*Provided material*:
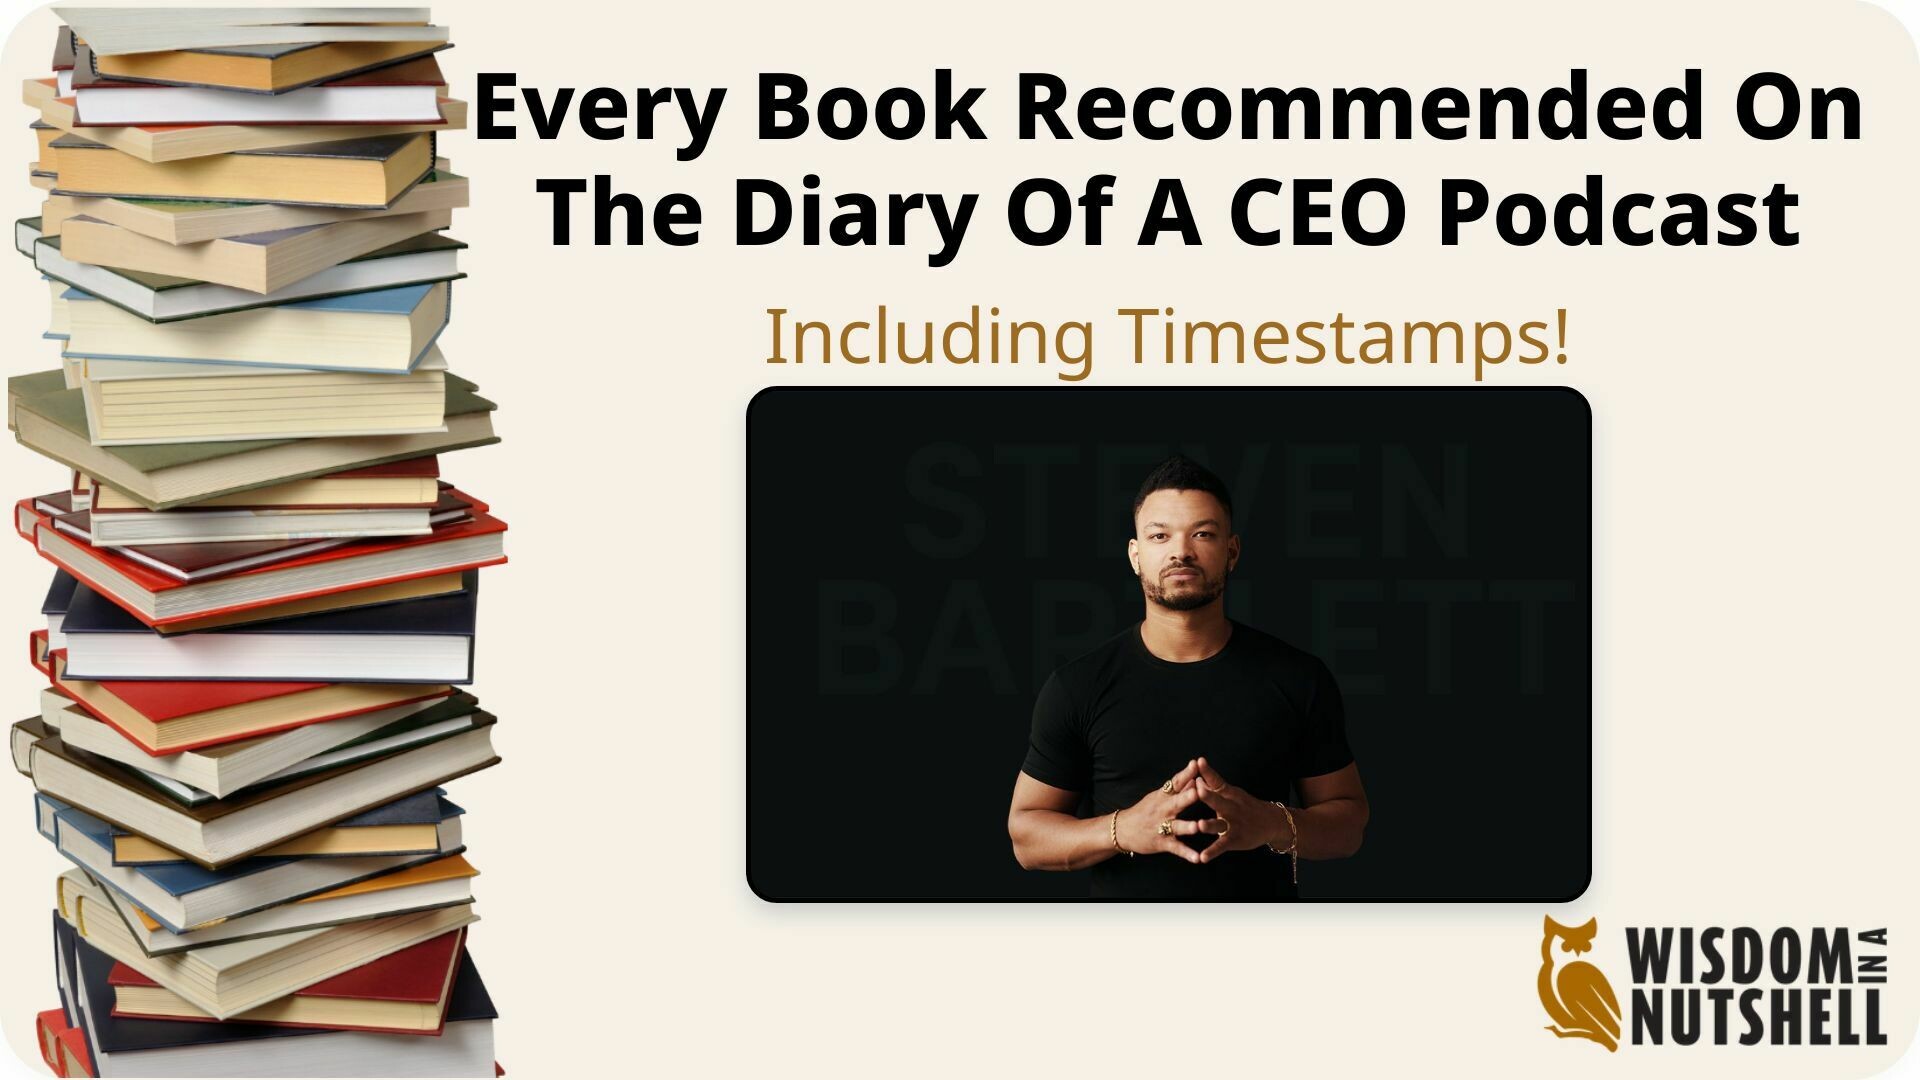 Every Book Recommended on the The Diary Of A CEO Podcast
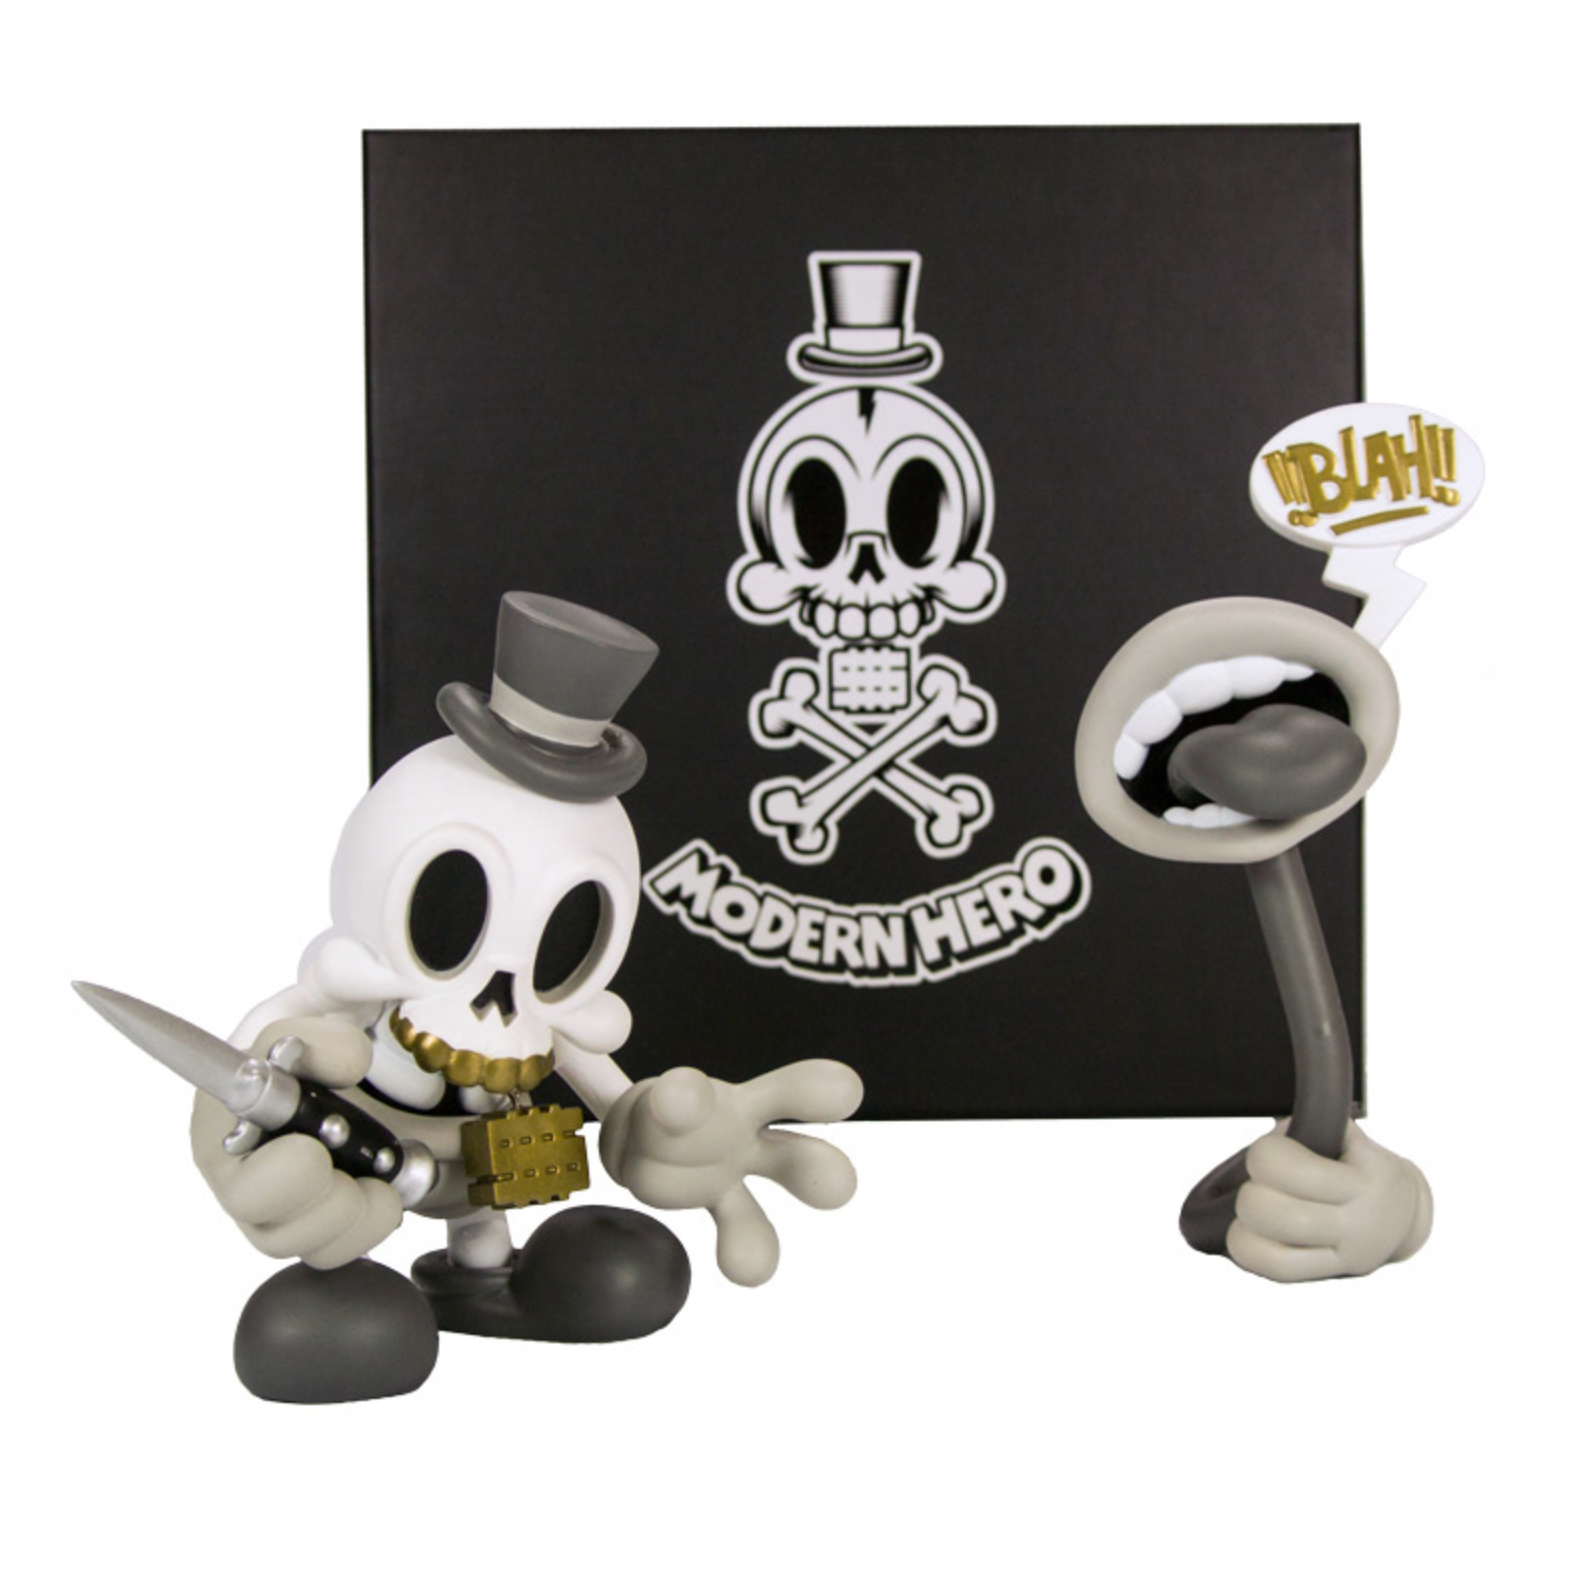 MAD Modern Hero OG Grey Edition 6-inch vinyl figure available now ! ! !
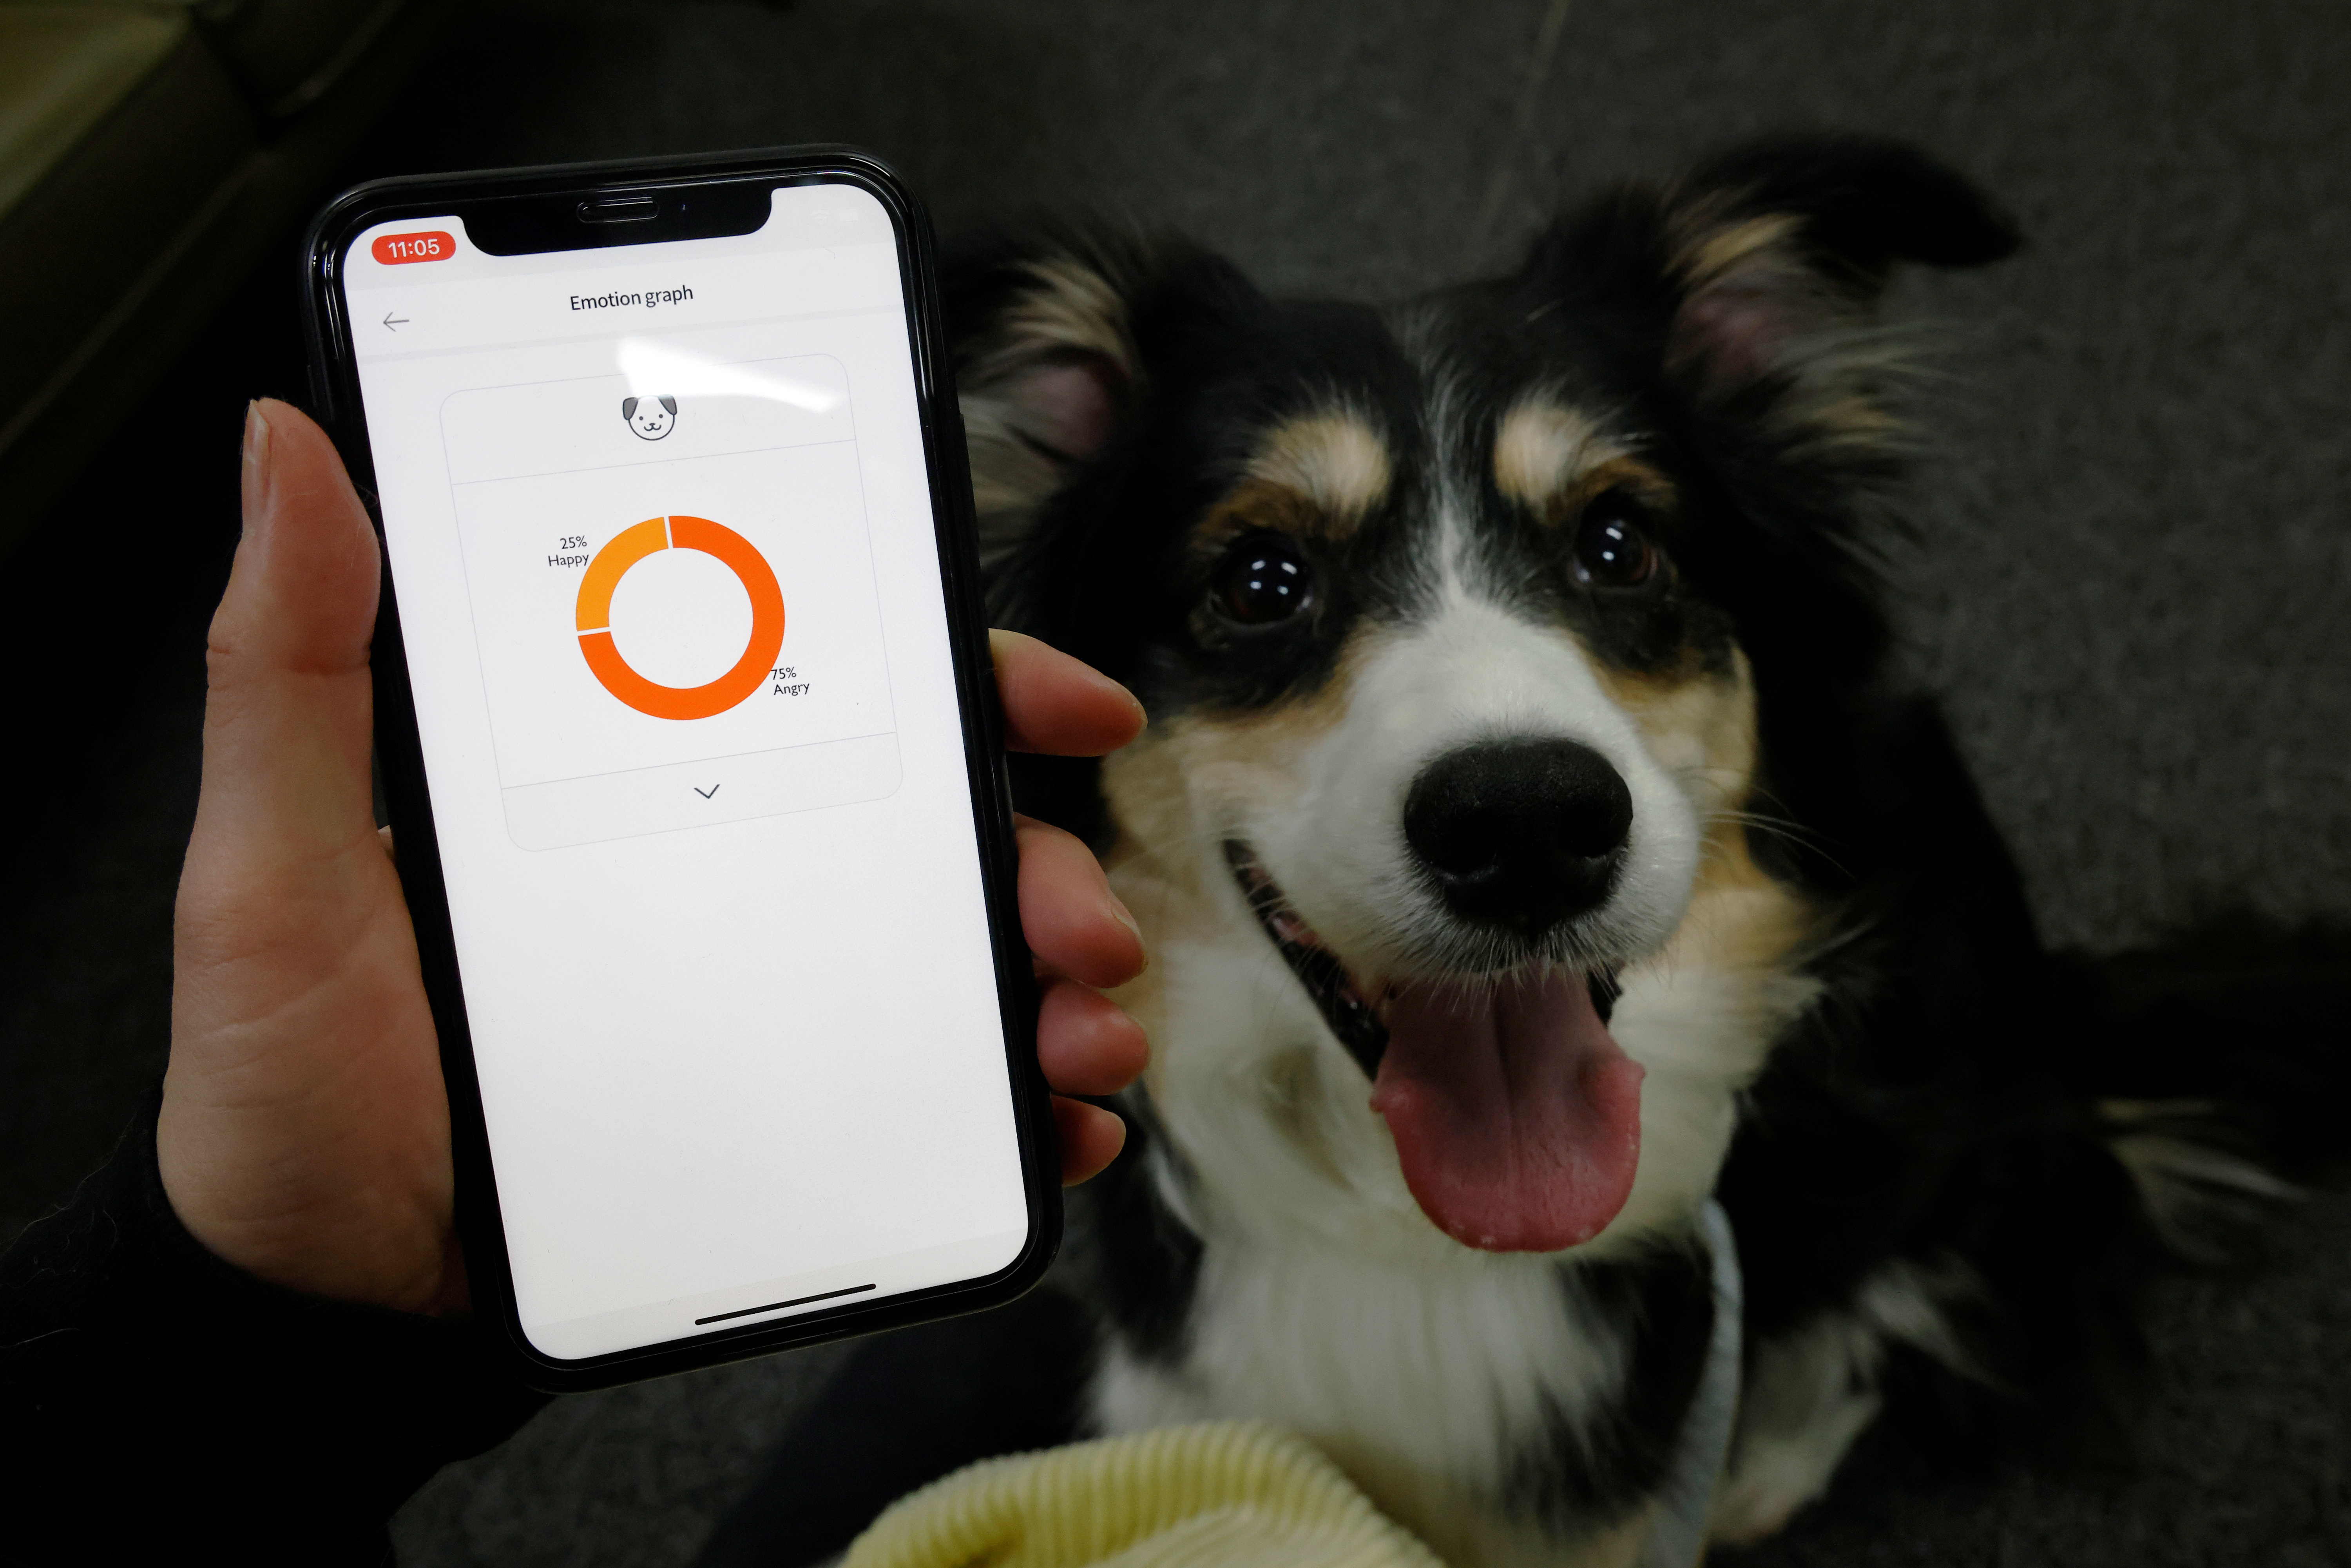 Moon Sae-mi tries out Petpuls, an AI-powered smart dog collar, with her dog Godot during a demonstration in Seoul, South Korea, January 11, 2021. Picture taken on January 11, 2021.   REUTERS/Kim Hong-Ji

*Problem to work on*:
All lines of the material above should be returned unchanged, but no pictures should be included.

*Answer space*:
 Every Book Recommended on the The Diary Of A CEO Podcast
 MAD Modern Hero OG Grey Edition 6-inch vinyl figure available now ! ! !
 Moon Sae-mi tries out Petpuls, an AI-powered smart dog collar, with her dog Godot during a demonstration in Seoul, South Korea, January 11, 2021. Picture taken on January 11, 2021.   REUTERS/Kim Hong-Ji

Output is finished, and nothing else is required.